Create a web portal to empower housing counselors, reduce burdens on lenders, and speed up home mortgage modifications.

Help stabilize home values and communities by turning "shadow REO" housing inventory into "scattered site" rental housing.

Promote practices that support working families.
On the domestic policy front, the center urges Obama to:

Partner with the private sector in health care payment reform.

Focus on health care prevention in implementing the Affordable Care Act.

Streamline and simplify access to federal antipoverty programs.

Replace costly, inhumane immigration detention policies with equally effective measures.

In the education policy arena, the president can:

Launch an "educational productivity" initiative to help school districts spend every dollar wisely to best prepare our children for the 21st century.

Ensure students can compare financial aid offers from different postsecondary institutions.

Improve the quality, standards, and productivity of postsecondary education.

In "improving the performance of the federal government," the center says the president should:

Scrutinize federal spending programs and tax expenditures to achieve greater returns on public investment.

Build the next-generation Recovery.gov website to track all public expenditures and performance in real time.

Use new information technology for faster, more transparent freedom of information.

Create a virtual U.S. statistical agency.

Collect data on lesbian, gay, bisexual, and transgender Americans in federal data surveys.

And in the foreign policy and national security arena, the president and his administration should:

Rebalance our Afghanistan strategy with greater emphasis on political and diplomatic progress.

Promote domestic revenue generation in Afghanistan and Pakistan.

Appoint a special envoy for the Horn of Africa and the southwest Arabian Peninsula region.

Appoint a special commission to assess contracting practices in national security and foreign affairs.

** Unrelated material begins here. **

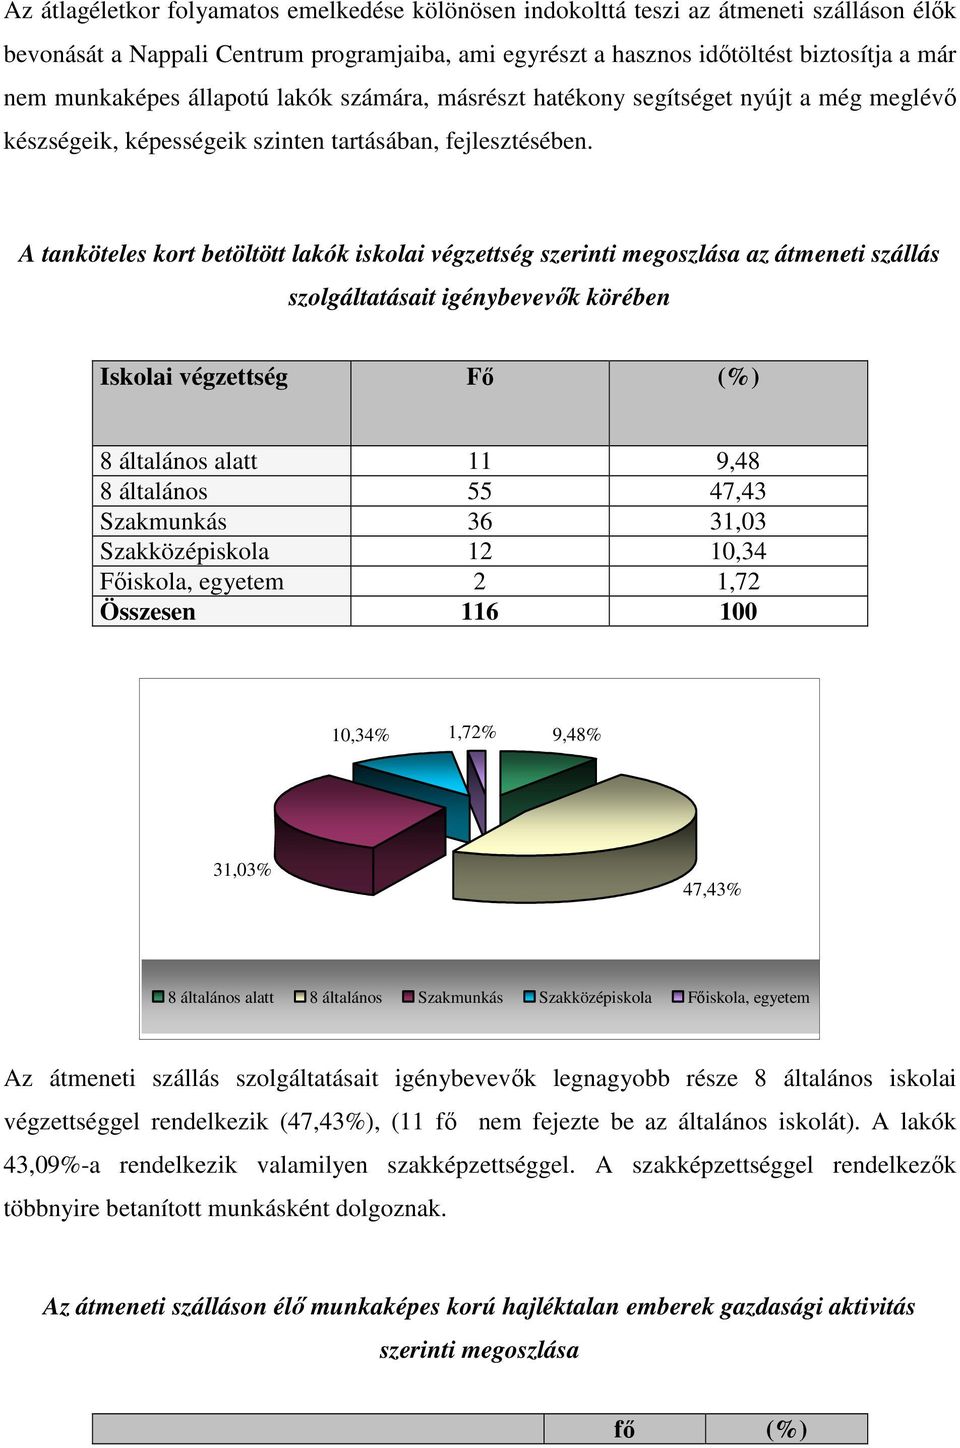 A tanköteles kort betöltött lakók iskolai végzettség szerinti megoszlása az átmeneti szállás szolgáltatásait igénybevevık körében Iskolai végzettség Fı (%) 8 általános alatt 11 9,48 8 általános 55

Use executive branch authority to mitigate the impact of the "Don't Ask, Don't Tell" policy if Congress does not repeal it.

Redouble support for Palestinian state- and institution-building efforts.

Pursue dual-track policy on Iran while sharpening focus on Iranian human rights issues.

Reinvigorate the U.S.-Turkey strategic alliance. Develop a comprehensive policy on the Russia-Georgia conflict.

WND reported previously when the Institute for Policy Studies, a Marxist-oriented think-tank in Washington, and also funded by Soros, made a similar suggestion.

"Progressives won in the 2010 mid-term elections," wrote Karen Dolan, a fellow at the Institute for Policy Studies, or IPS, and director of the Cities for Progress and Cities for Peace projects based at the radical organization.

"The Congressional Progressive Caucus, the largest caucus in the House Democratic Caucus at over 80 members, emerged virtually unscathed, losing only three members," she wrote, in the piece published on the IPS website.

Dolan declared that "our work is now finally beginning."

"The veil of a happy Democratic governing majority is finally lifted. We didn't have it then; We don't have it now. But what we do have now is a more solidly progressive bunch of Dems in Congress and a president presumably less encumbered by the false illusion that playing nice will get him a date with the other team."

She went on to recommend that progressives "throw our support unabashedly behind the Congressional Progressive Caucus, and let's push Obama to finally do the right thing through as many Executive Orders as we can present to him."